Su tono era plateado, casi como el acero, y reflejaba luces blancas que no sabíamos de

qué dirección provenían. Los dispositivos de navegación comenzaron a tener

problemas, pero supe muy bien hacerme con la posición inercial y continué

triangulando gracias a mi experiencia e intuición. Fue el último día que vimos las

estrellas, no lo olvidaré jamás.

La cuarta jornada se comenzaron a oír los tañidos de una campana enorme debajo del

mar. El hombre elegante dijo al capitán que era el aviso de la torre del cuarto castillo,

que transmitía nuestra situación a los demás. Nunca supimos si eso era así, pero desde

luego el sonido se hizo insoportable a lo largo de las horas. La tripulación estaba ya

francamente nerviosa, pero hacía gala de una disciplina magnífica. Por la tarde a la
campana inicial parecieron contestar otras situadas a mayor distancia. ¿Una locura de

los sentidos? ¡En absoluto!

El quinto día, por debajo de lo que arriba ya parecía descaradamente una bóveda de

acero, se divisó la figura descomunal de un gran navío que nos sobrevolaba muy alto,

pero no de nuestra época, sino un bergantín negro que flotaba a la par de los vientos. Sé

que suena ridículo, pero así fue. Con los prismáticos apenas se distinguían las velas y un

casco viejo, coronado por un mascarón que no se podía divisar bien. Todos lo vimos, así

que no era una alucinación, lo afirmo, señores. A mí, personalmente, me dio muchísimo

miedo contemplarlo, porque en mi interior sentía que nos observaban desde allí… y no

podían ser ojos como los nuestros.

El sexto día el mar cambió de color, no hacia el plateado, consecuencia de reflejar la

bóveda de arriba, sino a un color negro casi como la tinta. Sin embargo era muy

transparente, cosa rara, y a lo largo del correr de las horas comenzamos a divisar el

fondo marino con nitidez, como si estuviésemos volando sobre tierra firme. Era

increíble mirar aquello, esa profundidad vertiginosa revelada como si no hubiese

agua… y sin embargo esta era negra en las manos, opaca… una maldita lujuria del

infierno. Debimos volvernos ahí, como muchos dijeron, pero el capitán supo aplacar a

los hombres y el del traje elegante seguía muy tranquilo mirando al fondo y gritando

cosas que parecían encrespar el mar, que de vez en cuando lanzaba una ola inusual

contra nosotros. A eso de las 17 horas estalló en voces que sonaron como una tormenta.

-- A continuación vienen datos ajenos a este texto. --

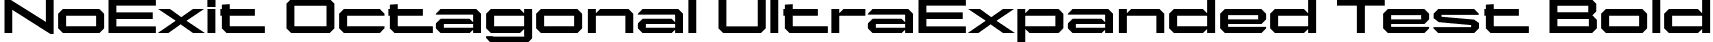 NoExit Octagonal UltraExpanded Test Bold font | NoExitOctagonalUltraExpandedTest-Bold.otf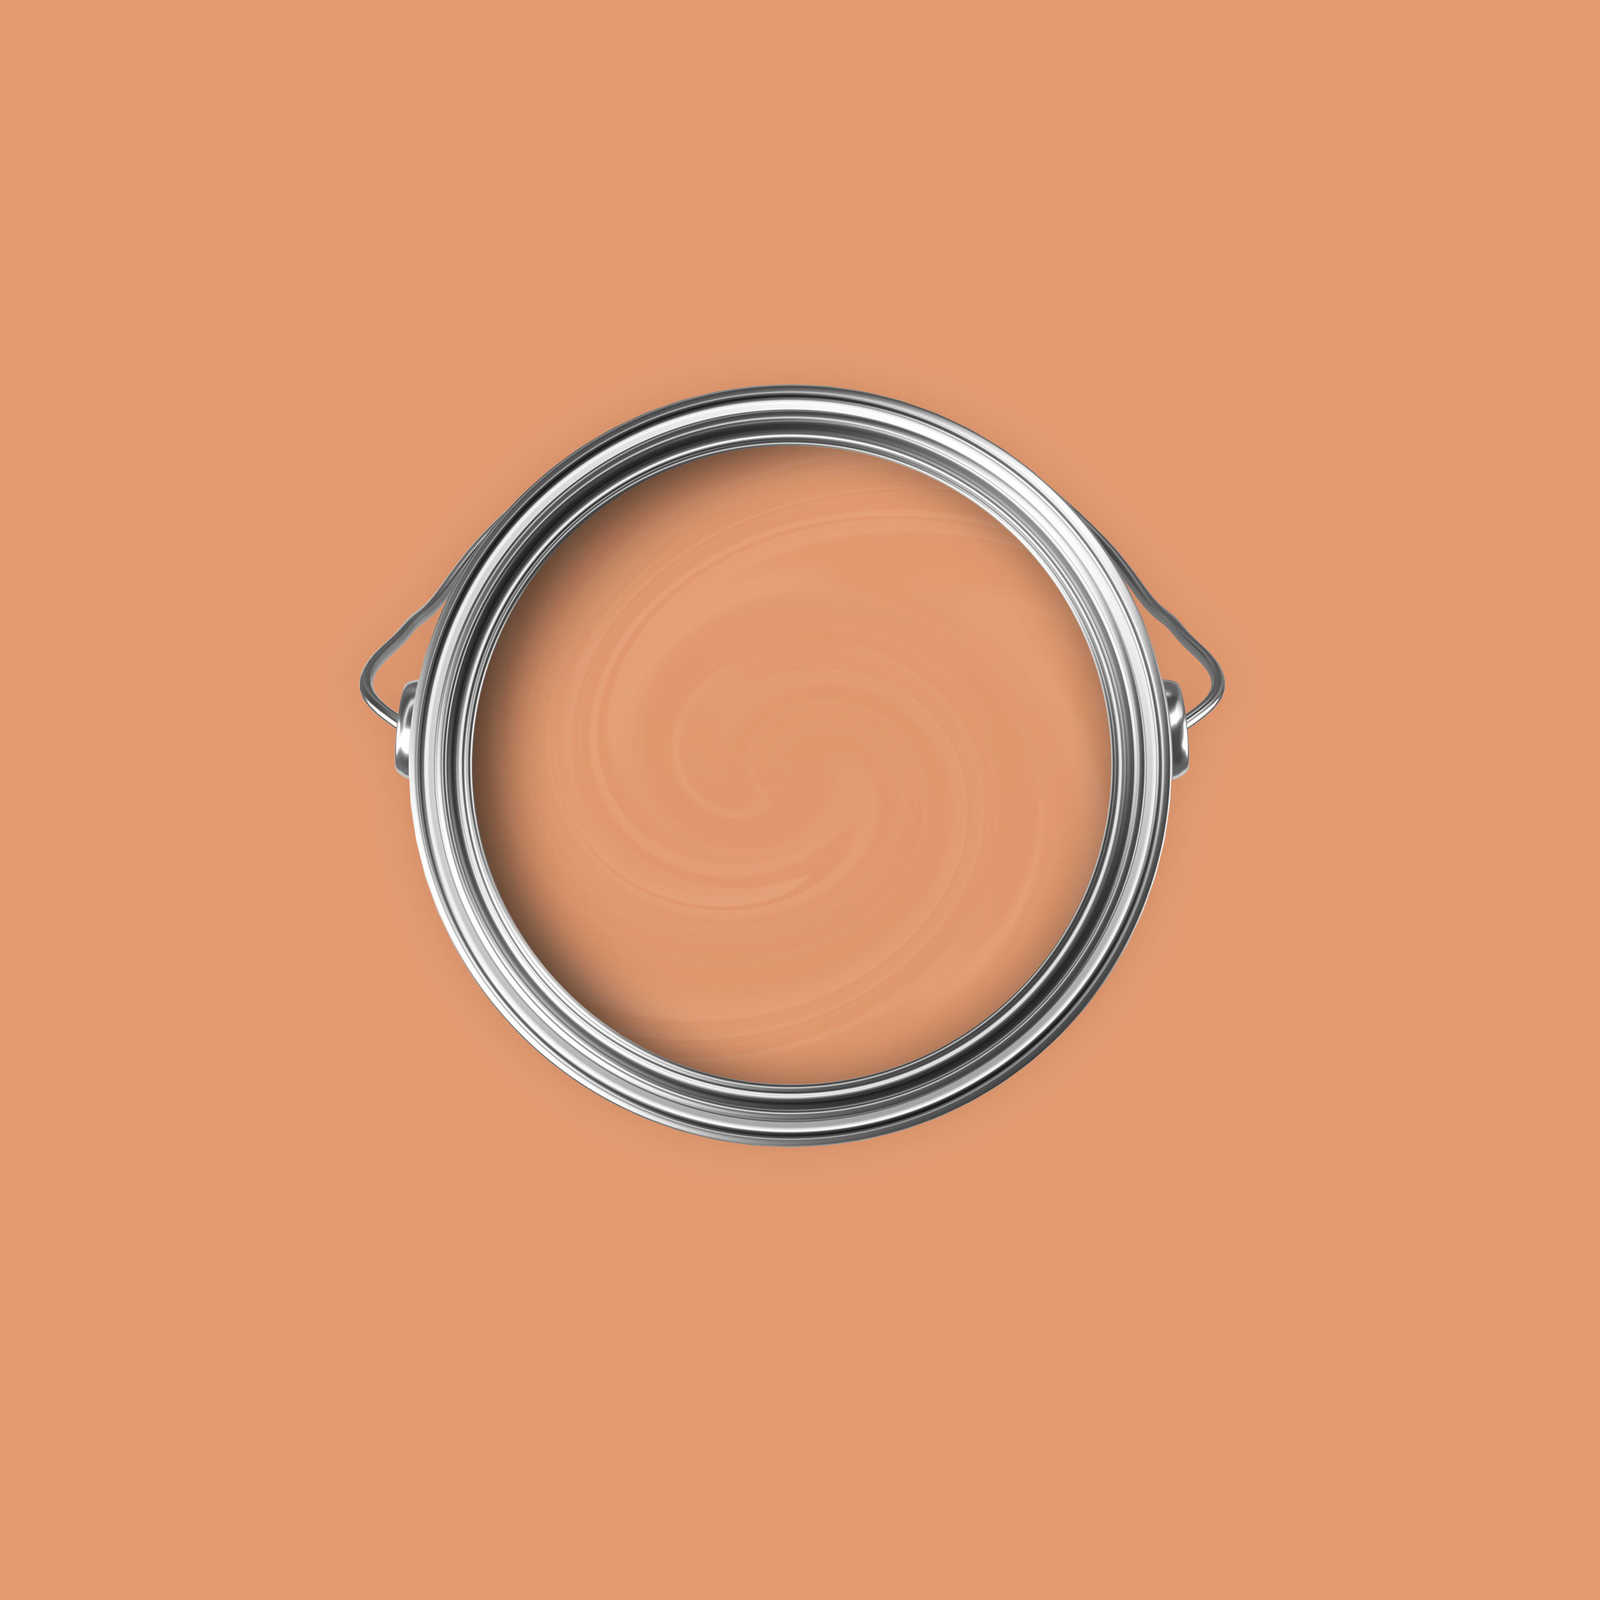             Premium Wall Paint refreshing apricot »Pretty Peach« NW902 – 2,5 litre

- ¡Miradlo! ¡Allí! ¡Allí! – seguimos la mirada hacia donde señalaba y apareció la

figura majestuosa muy abajo de un imponente castillo subido sobre una


montaña. Era colosal, muy grande, de murallas oscuras y torres cuadradas que

amenazaban con sólo mirarlas. - ¡Es el sexto castillo! ¡Sólo nos queda uno,

piloto! – me gritaba con ojos rojos de fuego desde una barandilla que parecía

retorcerse de dolor bajo el peso de su mano. Yo miraba aquello pero no daba

crédito. Era un castillo, si, y tan abajo en el fondo que pareciese que íbamos en

un jet. Sus alrededores eran cenagosos, grises, sin la menor vegetación,

recorridos por caminos estrechos que no prometían nada. No se veían trazo de

vida, gracias a Dios, porque aquello ya hubiese sido demencial. En aquel

instante, con la sensación de estar volando, me pregunté qué demonios era lo

que batía nuestra hélice en lugar de agua, pero tenía ya tanto miedo que no dije

nada. Supongo que ya estaba entregado a lo que parecía un camino directo a

ninguna parte, y es por ello que sentí como mis sentidos se plegaban mientras

una sensación eléctrica me arañaba los huesos. Era terror.

El séptimo día la nave en las alturas se quedó atrás. Los delfines también se alejaron del

buque, y el agua de repente comenzó a normalizarse hacia el tono gris de antaño.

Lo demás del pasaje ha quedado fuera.